The Brazilians came out on the attack, and spent the majority of the first half on the Uruguayan side. However, unlike Spain and Sweden, Uruguay’s defense didn’t break. Brazil took an astounding seventeen shots on goal in the first half, but not one found the net. The score stood at 0-0 going into halftime. But things appeared to return to normal when Brazil scored only two minutes into the 2nd half. The 200,000 fans in the Maracanã stadium exploded in celebration. Literally exploded, as many fans had smuggled in fireworks, which they began shooting off. Victory, it seemed, had already been achieved. But what those fans didn’t know is that the gods must first build up those who they mean to bring low.
The turn of the tide began, as it should, with Uruguayan captain Varela. Varela sensed that, with the crowd now in an absolute frenzy, Brazil had too much momentum. They might be able to break the game wide open. To counter this, he grabbed the ball to ensure play could not resume, and deliberately had a lengthy argument with the referee over whether Brazil was offsides on the goal. Varela even demanded that an interpreter be brought over to make sure that the English referee understood him. The effort was pointless and the goal stood, but Varela didn’t care. By the time the argument was over, the crowd had calmed down. The momentum was lost, though no one but Varela seemed to know it. He took the ball to the center of the field for the kickoff, and told his team, “Now it’s time to win.”
Act V: “Only three men have ever silenced the Maracanã…”
Uruguay took it to Brazil from then on, putting up a relentless attack. In the 66th minute, they broke through and scored. The game was 1-1. Could the coronation possibly be in trouble? And then it happened. In the 79th minute Alcides Ghiggia broke free down the right side of the field. He rifled a shot that bounced off the right post and rolled just under the leg of the Brazilian goalkeeper. 2-1 Uruguay.
An eerie quiet descended on Brazil's stadium, the Maracanã.
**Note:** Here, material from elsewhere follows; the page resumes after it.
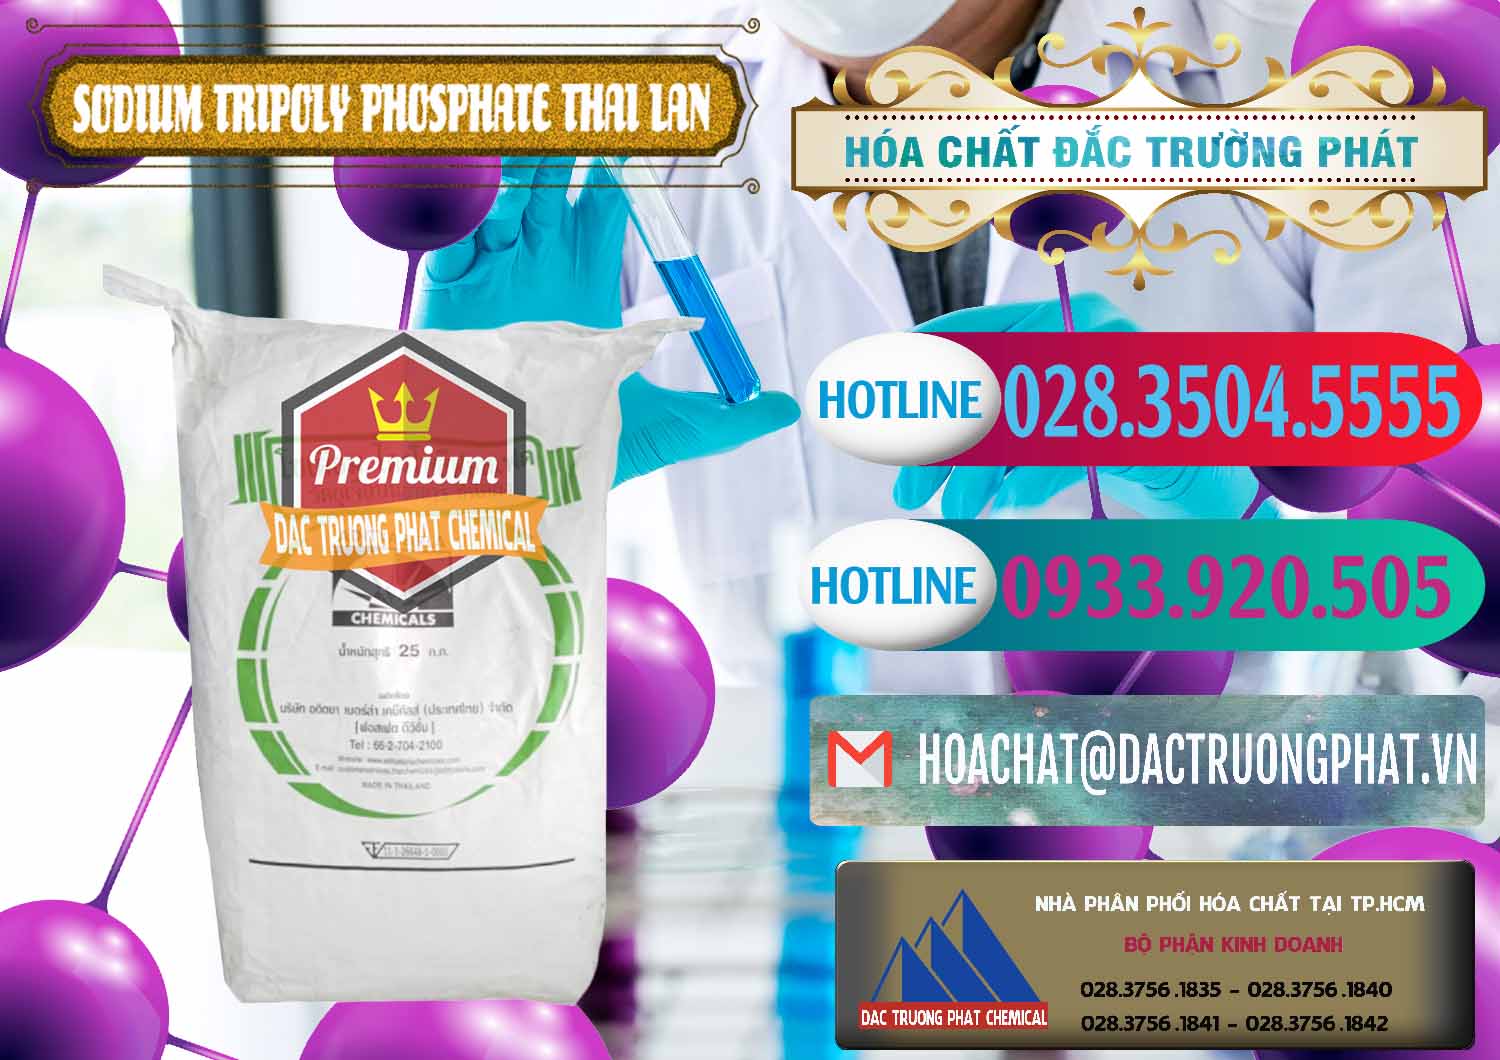 Cty bán _ cung cấp Sodium Tripoly Phosphate - STPP Aditya Birla Grasim Thái Lan Thailand - 0421 - Công ty cung cấp và bán hóa chất tại TP.HCM - truongphat.vn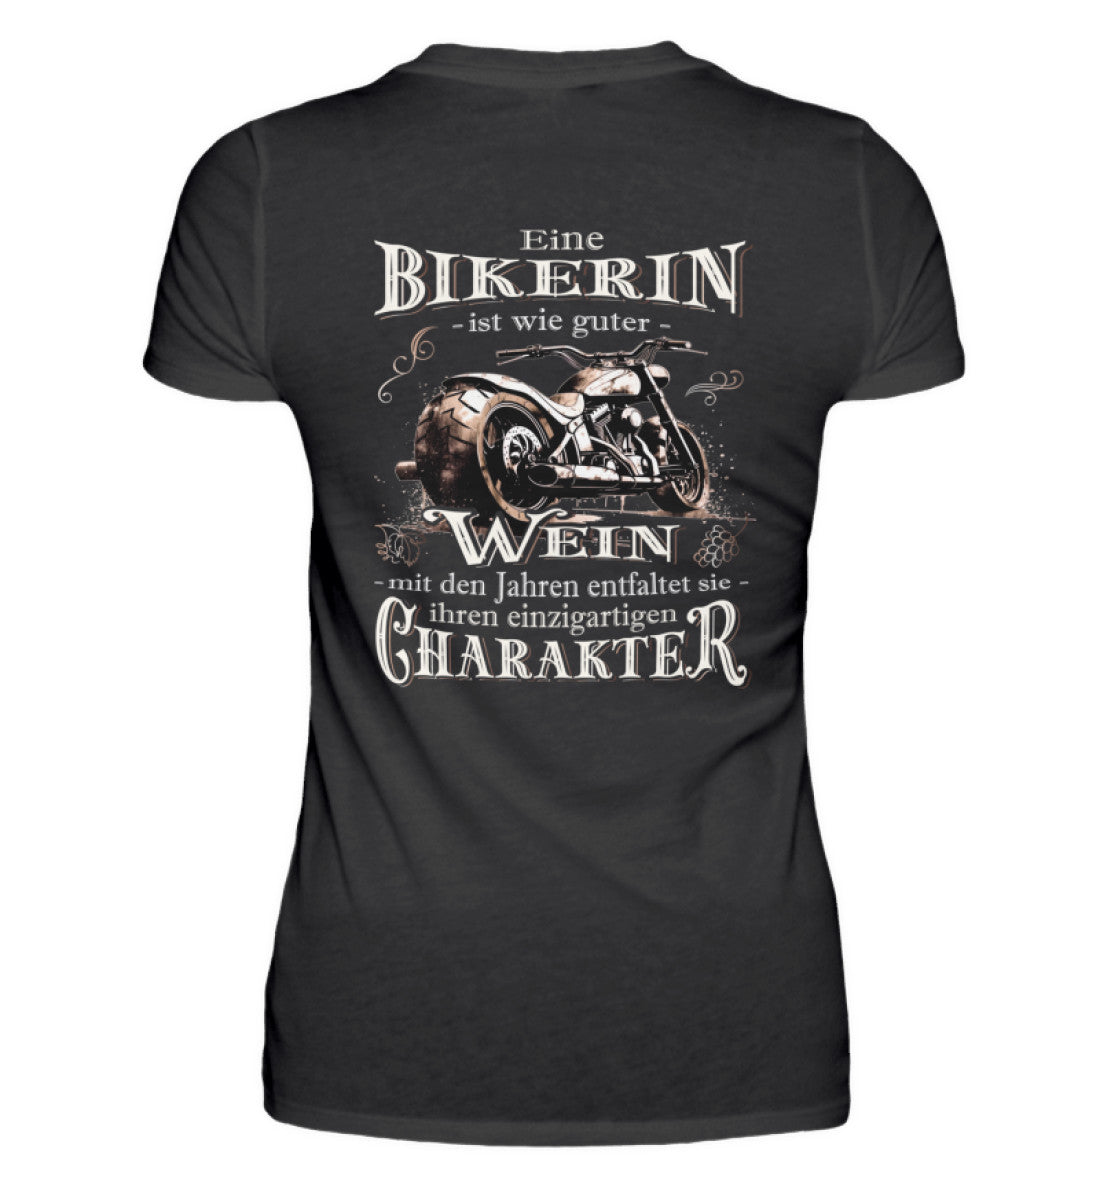 Ein Bikerin T-Shirt für Motorradfahrerinnen von Wingbikers mit dem Aufdruck, Eine Bikerin ist wie guter Wein - mit den Jahren entfaltet sie ihren einzigartigen Charakter - mit Back Print, in schwarz.

Remember there were over 200,000 people crammed into the stands, and according to earwitnesses, the last 11 minutes of the game were played in almost total silence. Ghiggia’s strike and the silence that followed sapped the Brazilian team of their will to fight, and they were unable to mount any sort of counterattack. The final whistle blew. Ghiggia’s goal stood as the game winner. The 1950 World Cup went to Uruguay.
The twenty-two gold victory medals were never given to the players. The “Brazil the Victors” song was never performed. The game would forever be known in Brazil as the “Maracanãzo,” which loosely translates to “The Maracanã Blow.” The gods had the last laugh. Like Odysseus and Oedipus before them, Brazil’s hubris had been punished. As if it could be any other way. And even though the Brazilian team would go on to win three of the next five World Cups, and five Cups overall, the Ghost of ‘50 still haunts them. I’ll give the last word on the matter to Ghiggia, who when asked about his Cup-winning goal said simply:
“When you look down through history, only three men have ever silenced the Maracanã: the Pope, Frank Sinatra…and me.”